[DATA RECORDS]
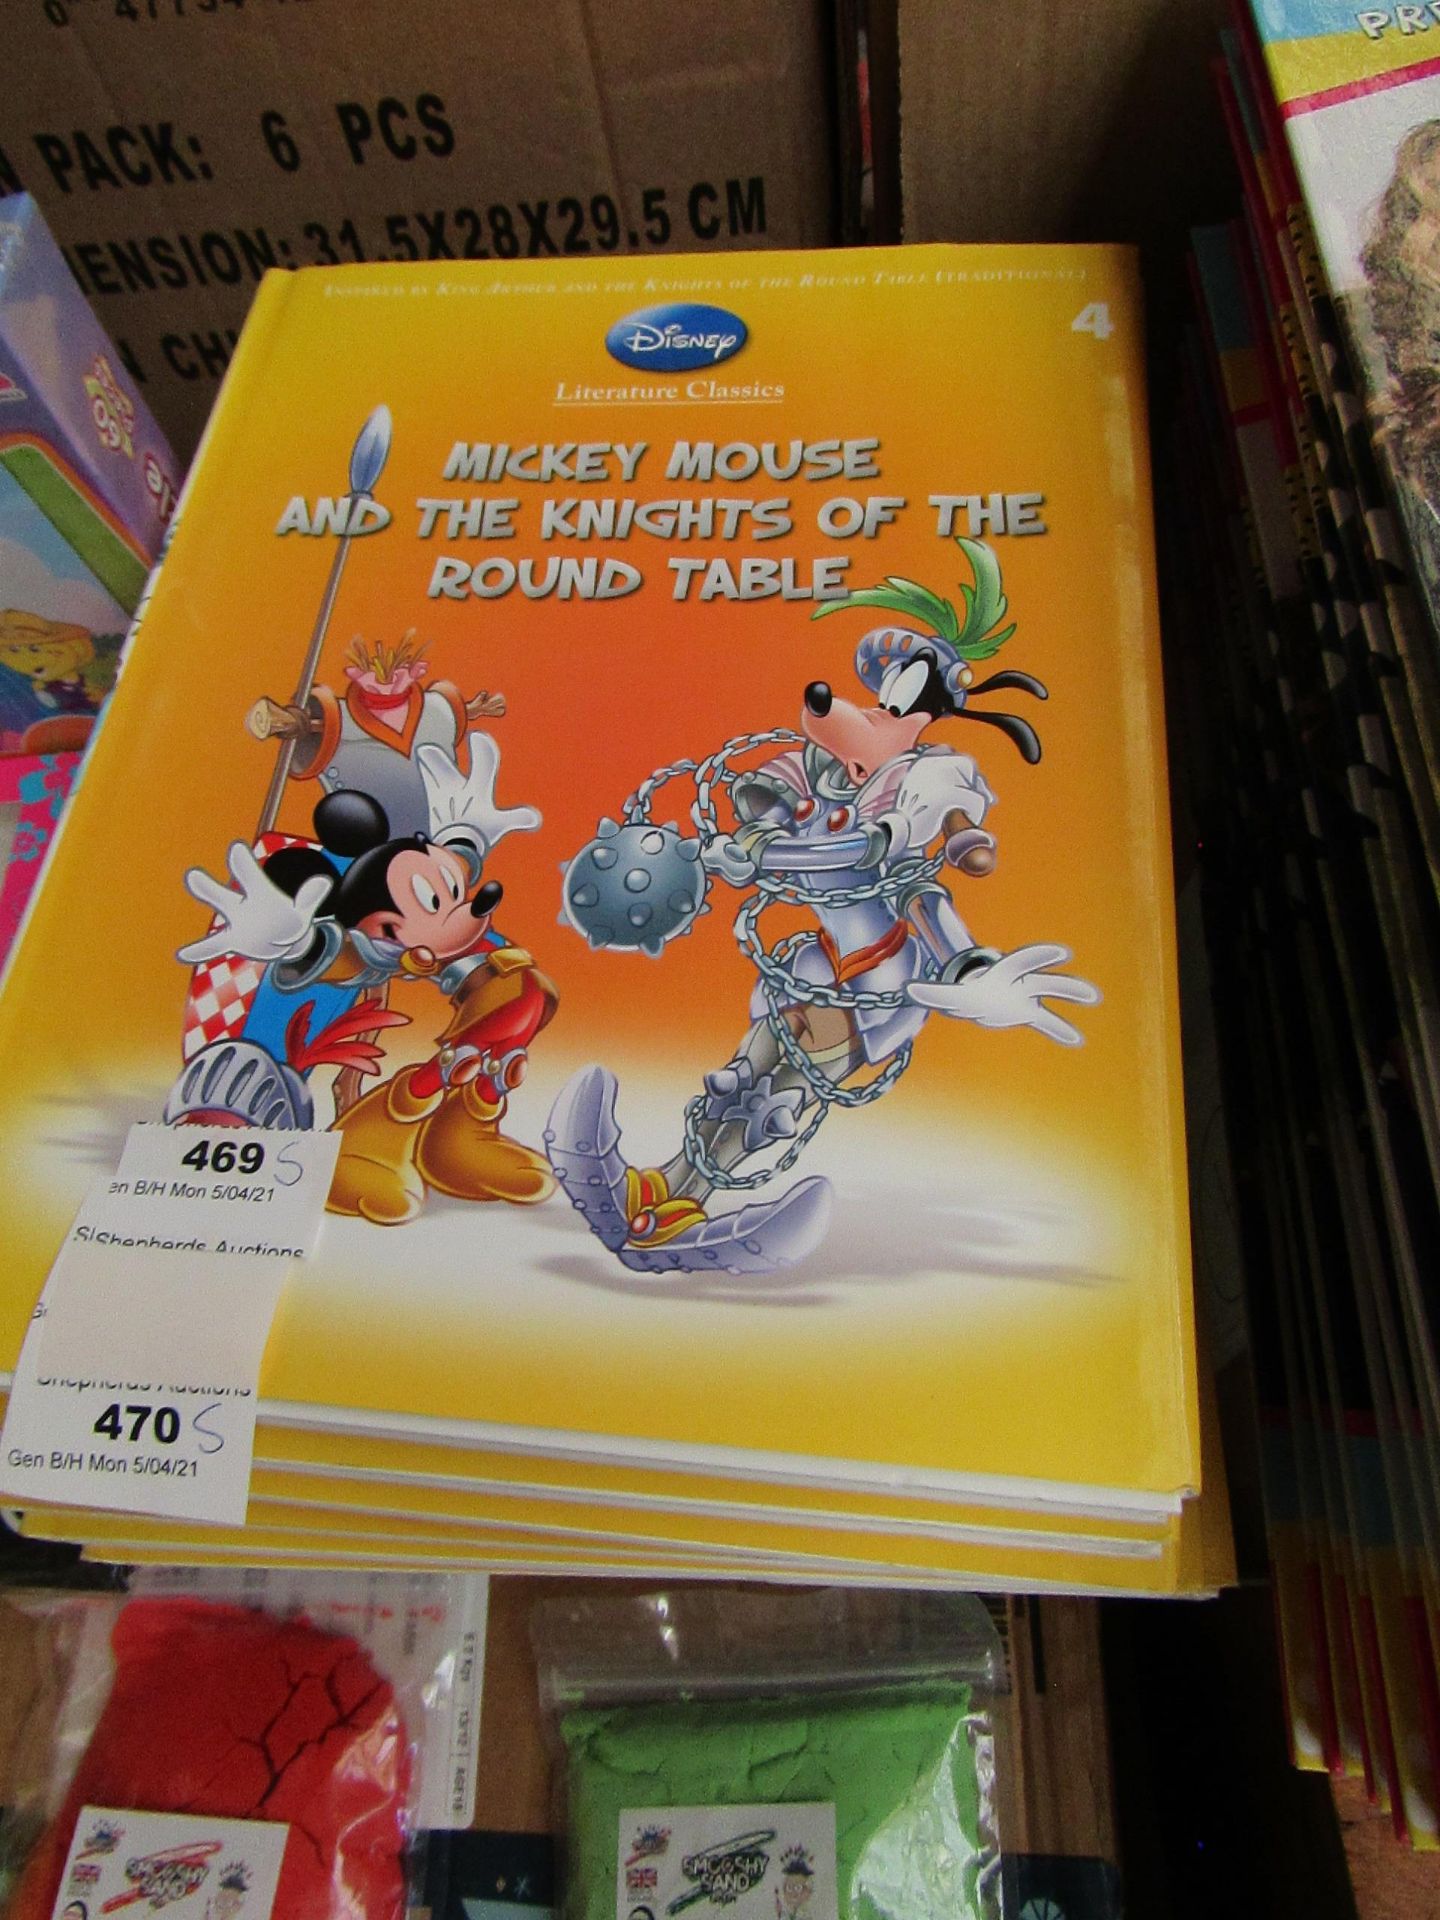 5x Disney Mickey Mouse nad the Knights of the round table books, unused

--

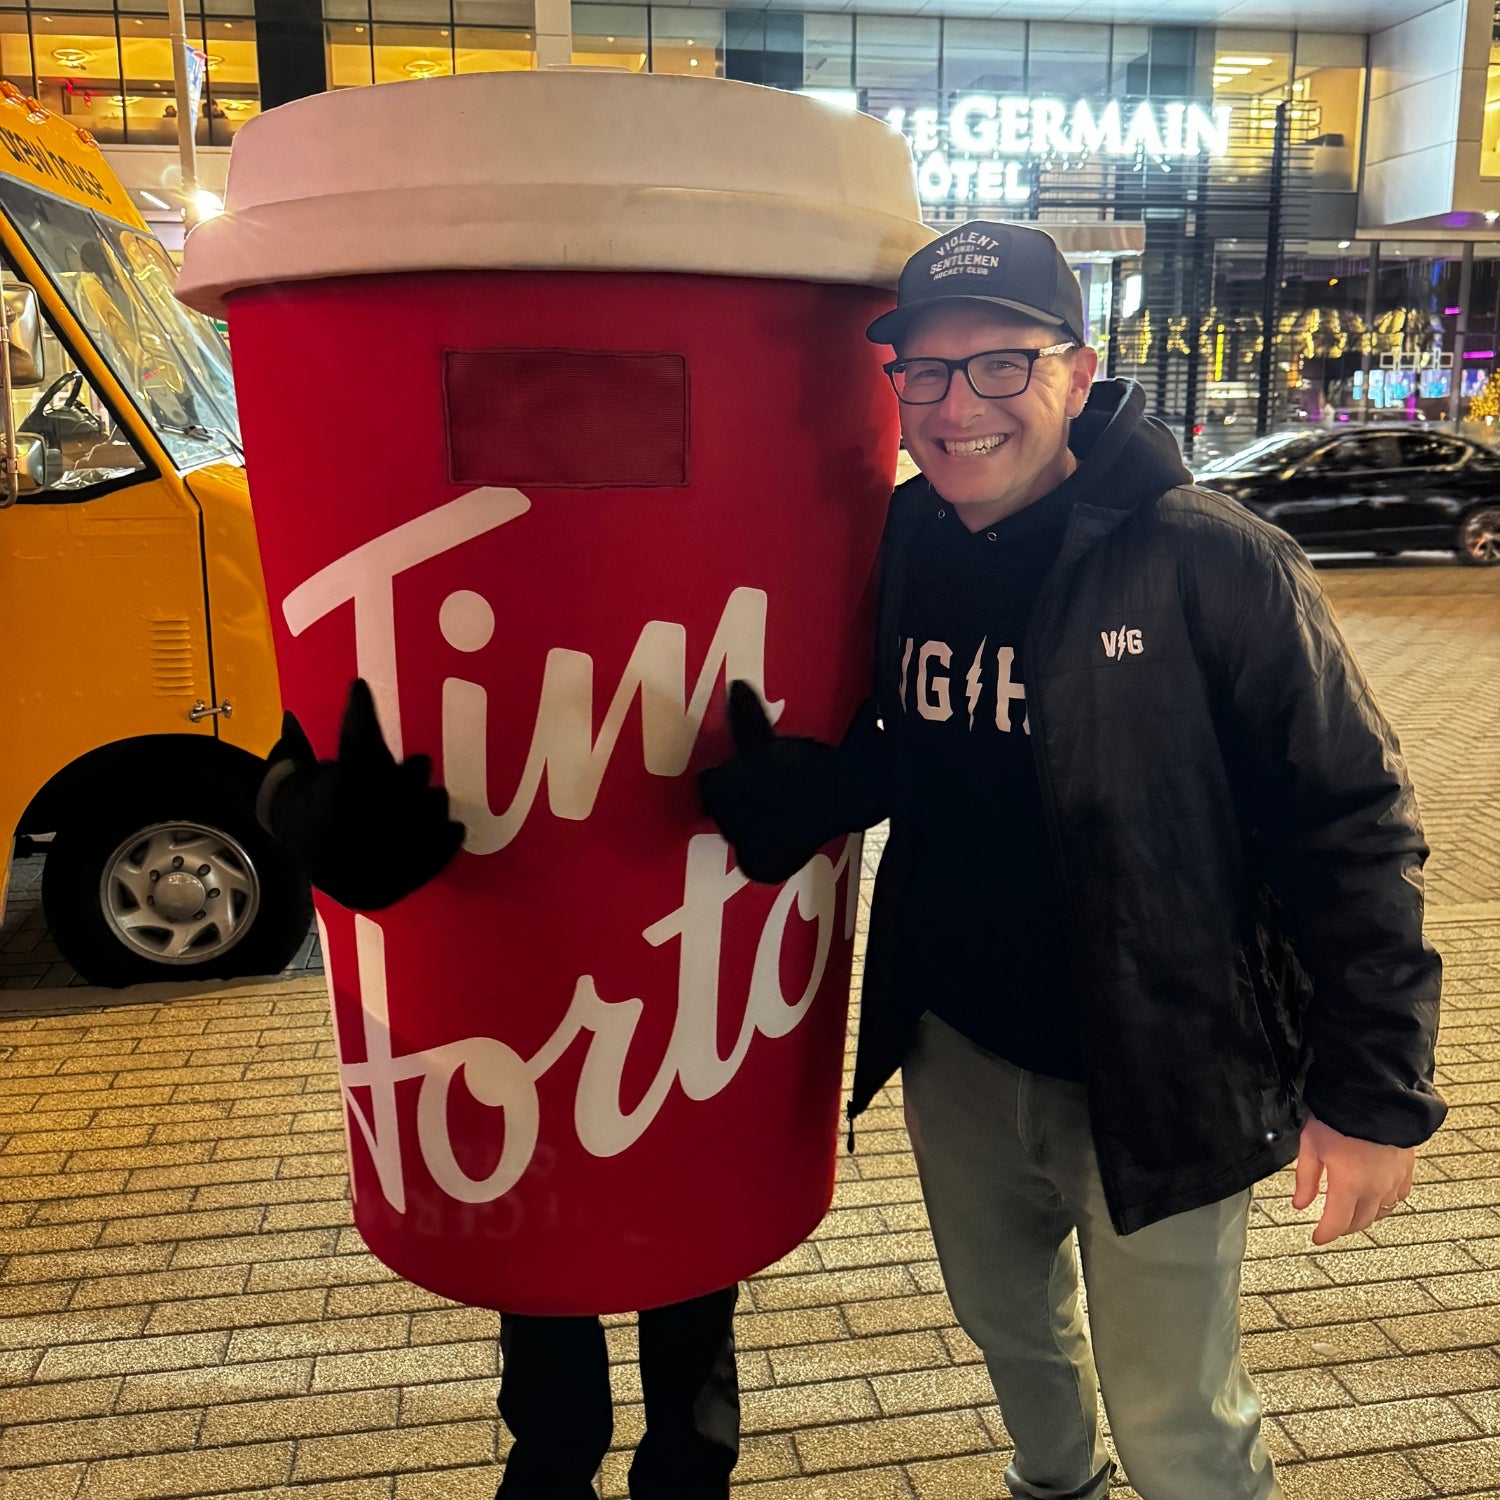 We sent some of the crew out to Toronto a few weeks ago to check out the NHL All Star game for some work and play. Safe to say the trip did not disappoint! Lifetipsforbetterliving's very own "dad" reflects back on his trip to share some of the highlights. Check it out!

...

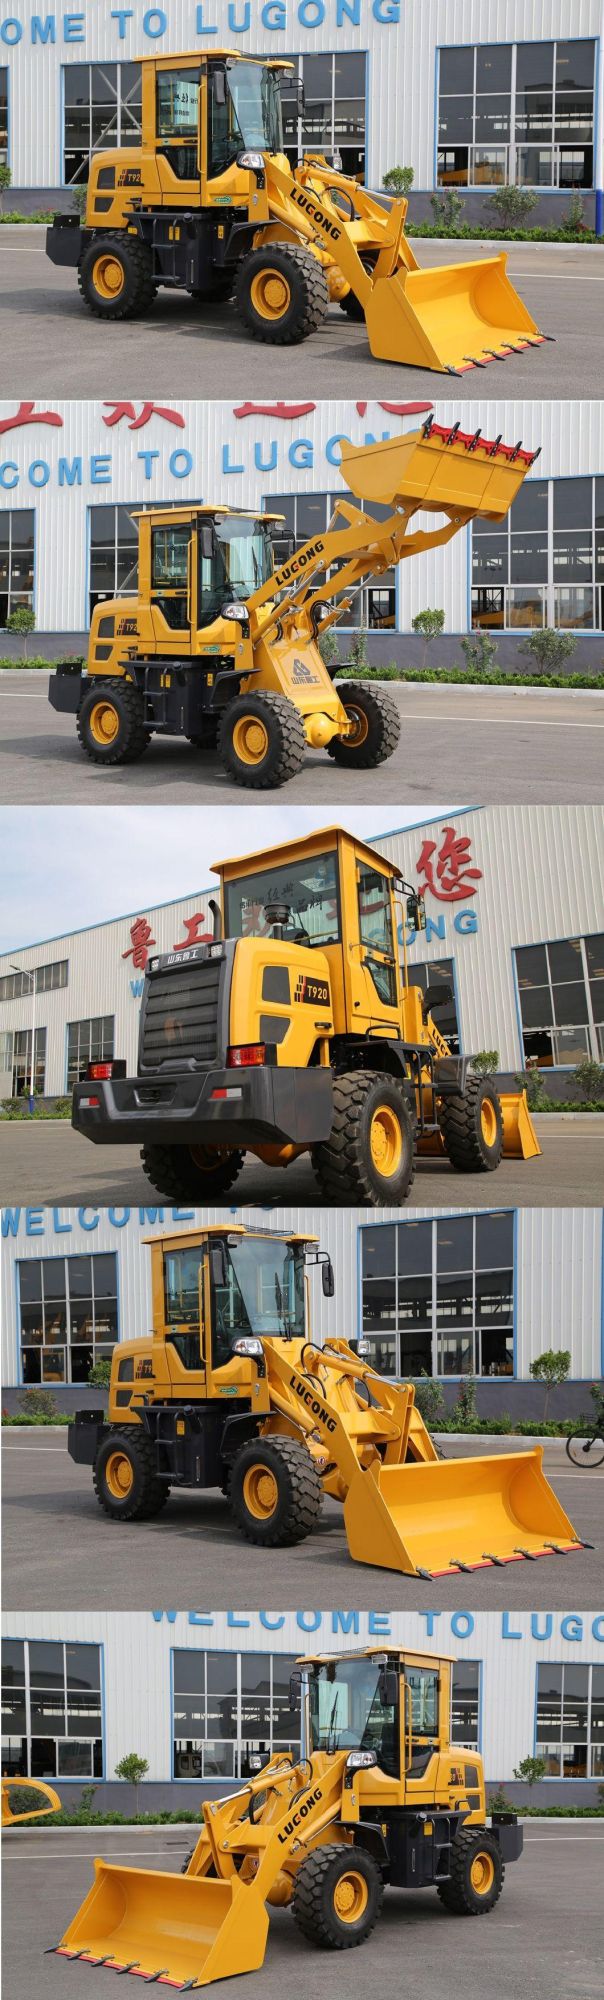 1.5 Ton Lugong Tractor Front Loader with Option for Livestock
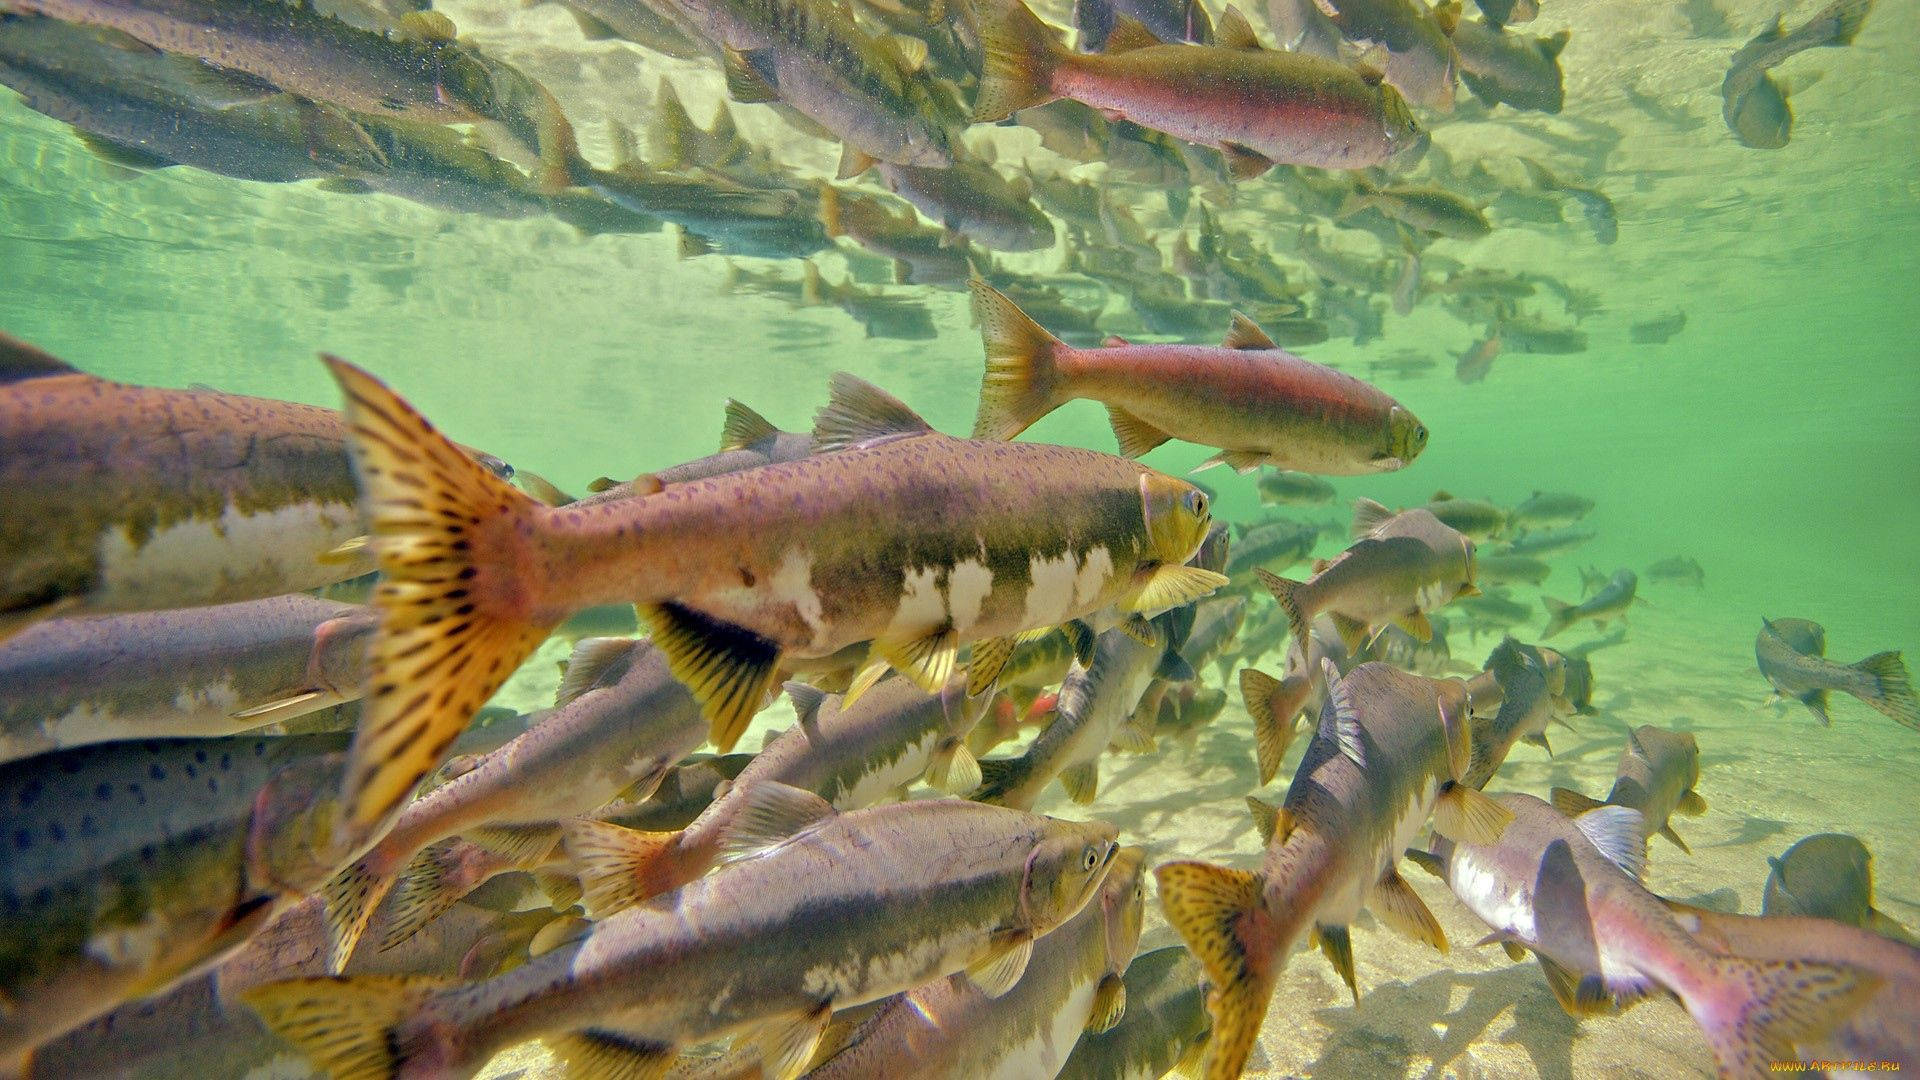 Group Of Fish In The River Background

[ABOUT THIS EXERCISE]
Here the job is to copy the listing above word for word, starting at the line with "1.5 Ton Lugong" and ending at the line with "Group Of Fish In The River Background", and to leave out the pictures.

[EXERCISE SOLUTION]
 1.5 Ton Lugong Tractor Front Loader with Option for Livestock
 Group Of Fish In The River Background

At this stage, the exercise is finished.